Como Atena e Poseidon disputaram Atenas – e o mito do Areópago!

O mito grego em que Atena e Poseidon disputam a cidade que ficaria conhecida pelo nome de Atenas é, sem qualquer dúvida, um dos mais famosos da Mitologia Grega. Ele até aqui já aqui tinha sido contado, há mais de uma década, de uma forma muito simples, com as seguintes palavras:

 

 

Um famoso mito grego fala-nos do dia em que Atena e Poseidon disputaram Atenas. Nesse seu confronto, o primeiro ofereceu à cidade uma fonte, e o segundo ofereceu a oliveira. Obviamente que, como hoje já se sabe, a cidade escolheu a deusa da coruja e das oliveiras, mas Plutarco, algures em uma das suas obras, revela um aspecto curioso deste mito. Em dois textos diferentes da Moralia, ele diz-nos que esta disputa dos dois deuses inimigos foi no segundo dia do mês Boedromion, que provavelmente equivaleria ao nosso segundo dia de Setembro, e que esse dia teria sido retirado do calendário (não faço ideia como isso funcionará, em termos práticos) devido a essa disputa divina.

 

 

 

É esta a história do confronto dos dois deuses, tal como a maior parte das fontes da antiguidade a relataram, e salvo uma ou outra pequena divergência – e.g. alguns autores diziam que a prenda dos deus dos mares não tinha sido apenas uma fonte, mas o primeiro cavalo – este continua a ser, sem dúvida, um dos mais famosos mitos da Grécia Antiga. Mas, o que menos autores nos contam, e o que também menos pessoas parecem saber, é que esta história não está tão completa como costuma ser contada. Ela tem, na verdade, uma espécie de sequela, capaz de a ligar a outro famoso instante da vida da cidade de Atenas.

 

 

Que mito se esconde por detrás do Areópago?

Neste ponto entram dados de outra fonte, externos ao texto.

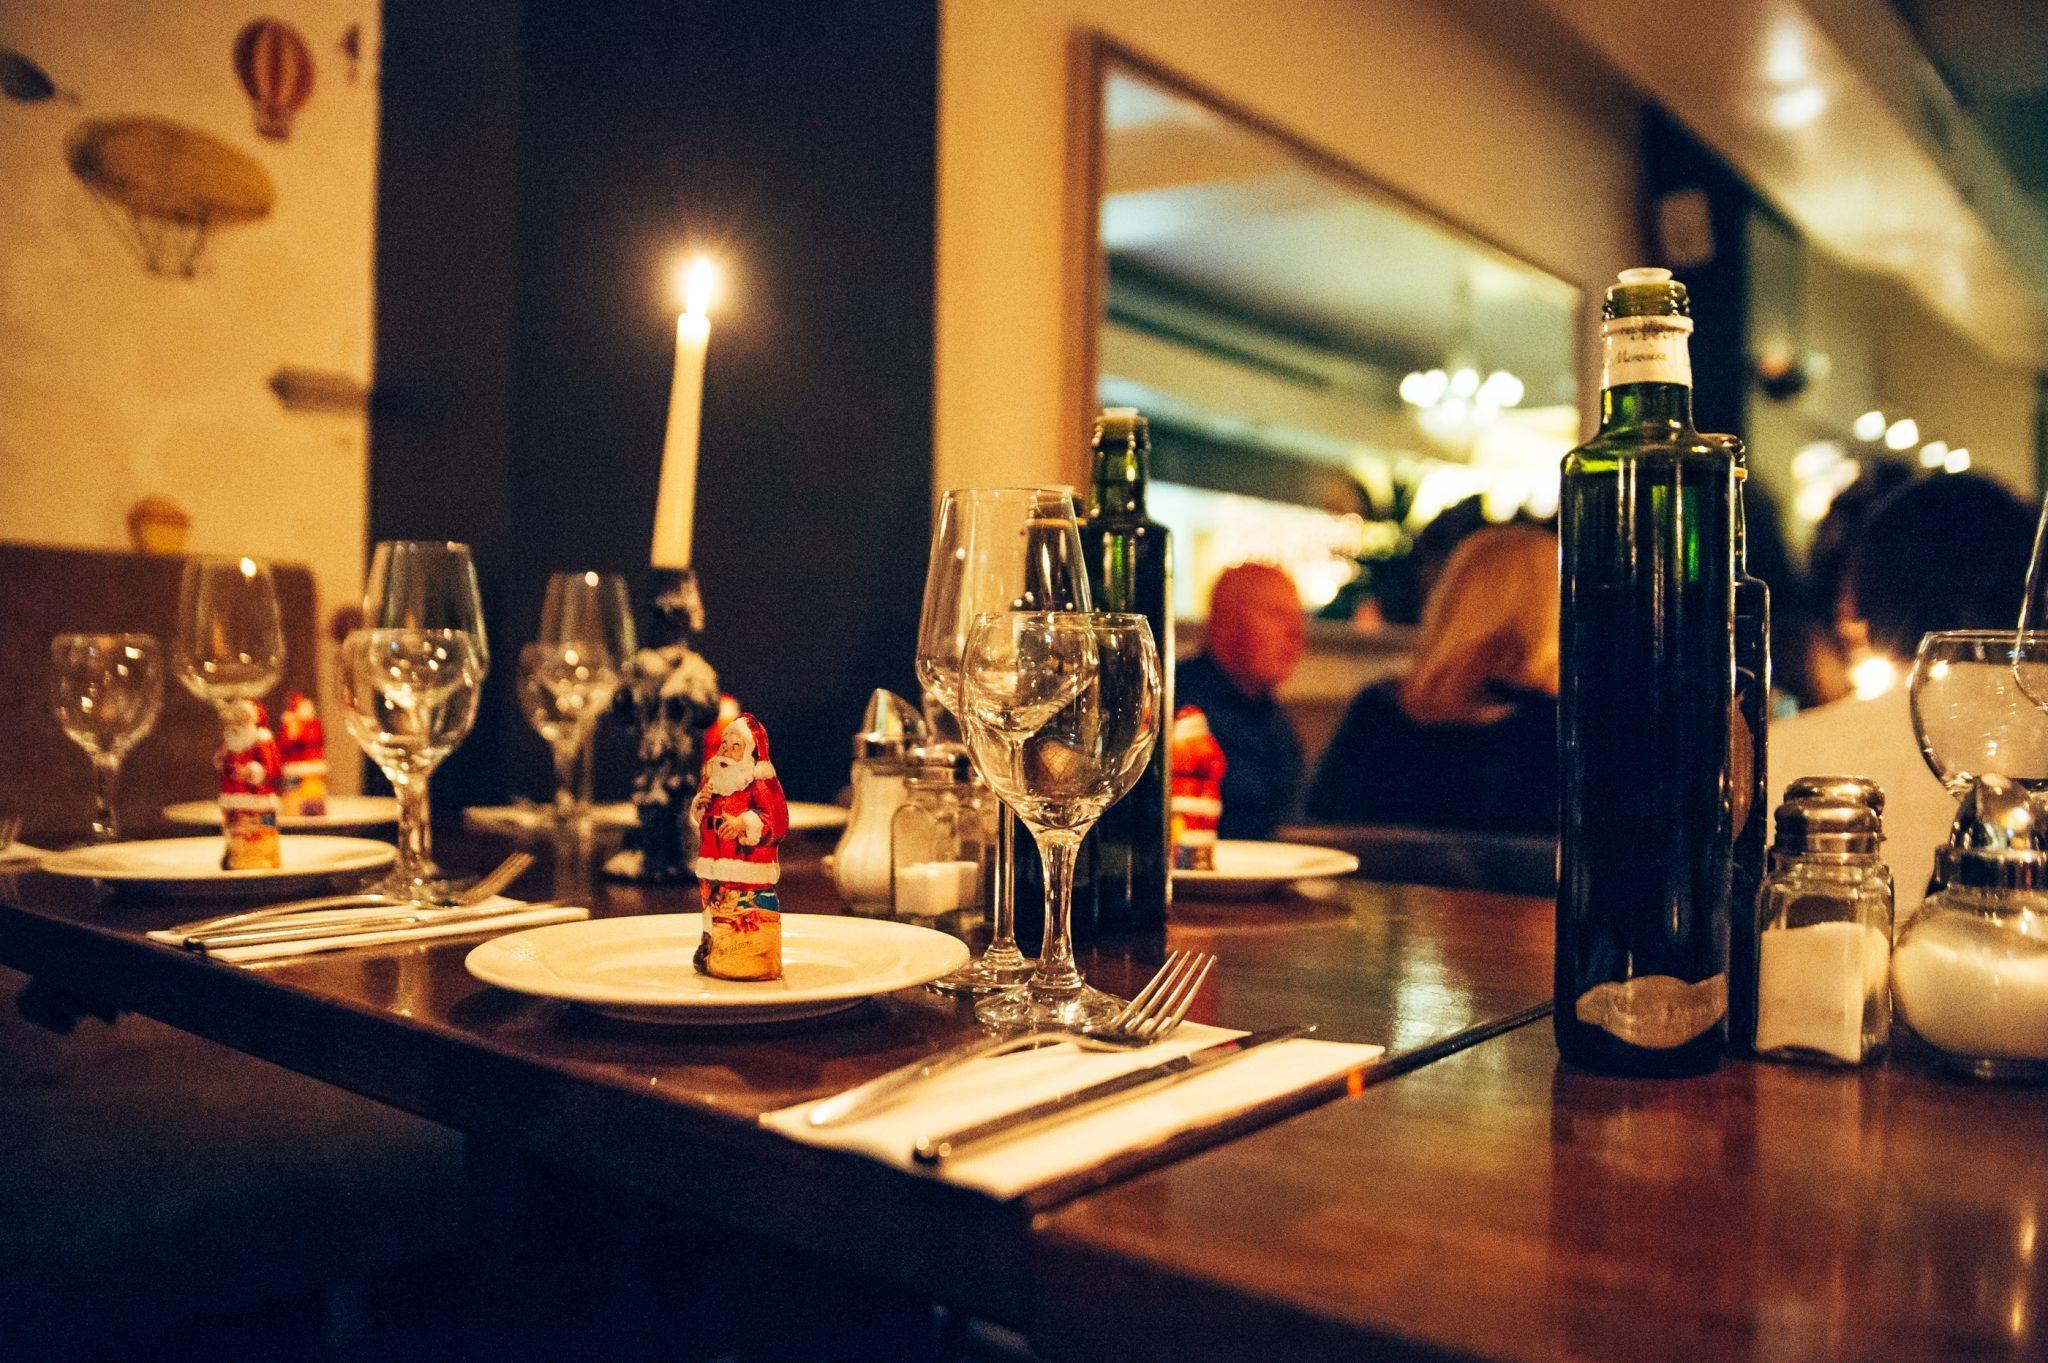 basil 39 s das szene restaurant in d sseldorf im neuen look alldesign. Black Bedroom Furniture Sets. Home Design Ideas
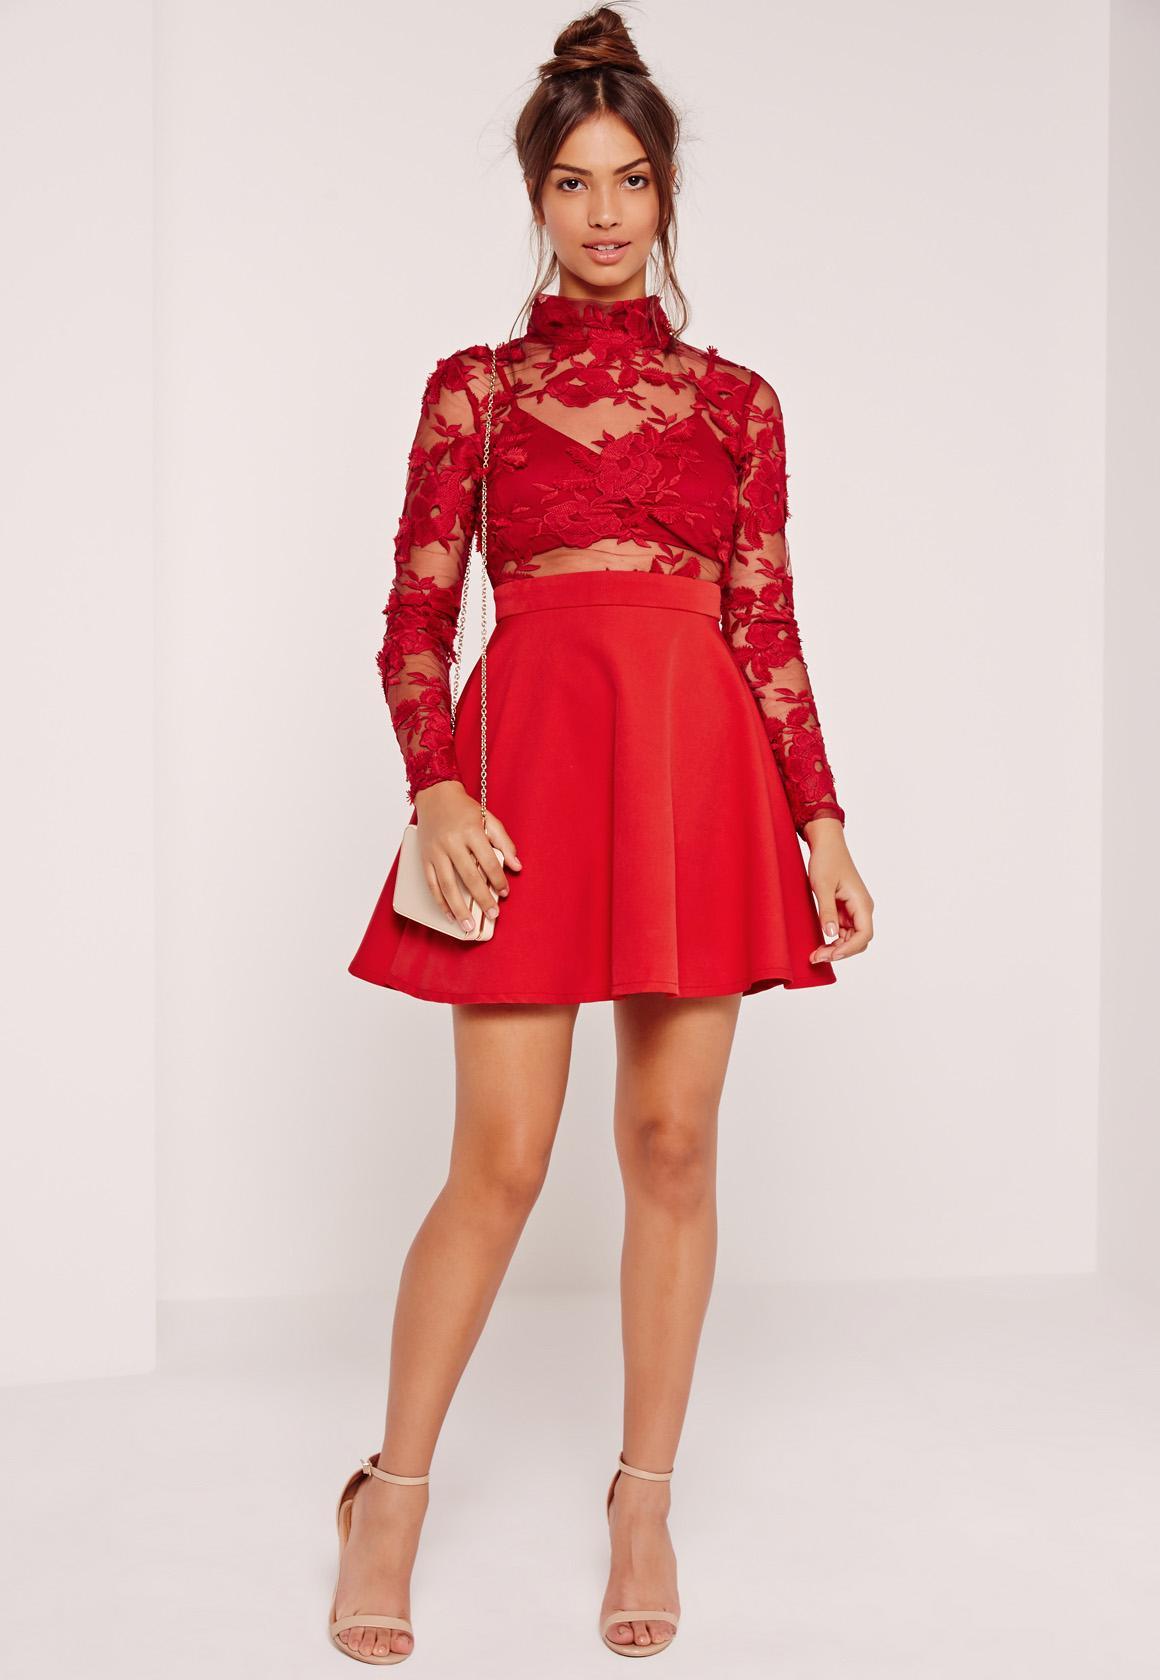 Robe noire col dentelle rouge

O dia em que Atena e Poseidon disputaram Atenas - e o Areópago

Quem conhecer o lugar, certamente que já ouviu falar do Areópago, ou “colina de Ares”, em referência ao deus grego da guerra… mas que não aparece na história anterior! Isso acontece porque, contrariamente ao que pode ser pensado pela versão acima, a trama não terminou quando esta cidade premiou o dom de Atena e tomou o seu nome! Ela continua com o seguinte:

A cidade foi, de facto, disputada por Poseidon e Atena, e a segunda deusa, pela sua oferta da oliveira, ganhou o lugar de figura tutelar. Anos depois, um tal Halirrotio, filho do deus dos mares, foi ao local do famoso confronto e quis cortar a então-famosa oliveira da deusa. Não é muito claro como isto acontece, presume-se a existência de uma qualquer espécie de milagre, mas a espada (ou machado?), com que ele pretendia executar essa acção, de alguma forma escapou-lhe das mãos e acabou por matá-lo. Isso fez com que Poseidon, posteriormente, acusasse Ares deste crime, e o local em que em que o julgamento do caso tomou lugar ficou, depois, conhecido pelo nome de Areópago. Pelo menos uma fonte sugere que Ares foi isentado de quaisquer culpas.

 

 

Agora, esta breve sequela da famosa história parece levantar mais questões do que aquelas a que nos responde. Como tal, ela pode ser complementada com outra versão do mito de Halirrotio, que diz que ele violou uma filha de Ares, e que foi por essa razão que o deus da guerra o acabou por matar. É por isso provável que tenha existido, numa dada altura, uma versão muito mais completa de toda esta história – como a temos hoje, ela assenta essencialmente em escólios, em breves pedaços de informação provindos daqui e dali, o que torna difícil saber toda a sequência narrativa da história do julgamento de Ares, sendo provável que ela até tenha sido representada em tragédias da sua época.

 

 

Em suma, se o mito do confronto de Poseidon e Atena pela então-futura cidade de Atenas é muito conhecido, parece que ele também teve, em tempos da Grécia Antiga, pelo menos uma espécie de sequela, mais ou menos semelhante à contada acima, que terá envolvido um filho do perdedor da disputa, e Ares, o deus da guerra entre os Gregos. É difícil saber como tudo isso se desenvolveu, mas é difícil de negar que a história teria terminado com um julgamento de Ares na mais famosa colina da cidade.

 

Assim, à história amplamente conhecida da disputa entre Atena e Poseidon, pode mesmo juntar-se este episódio menos conhecido que envolve Halirrotio e Ares. Juntas, essas narrativas mostram como os mitos gregos se entrelaçam e se prolongam, muitas vezes com desfechos bastante inesperados – como um julgamento divino no coração da cidade que escolhera uma importante deusa como a sua protetora…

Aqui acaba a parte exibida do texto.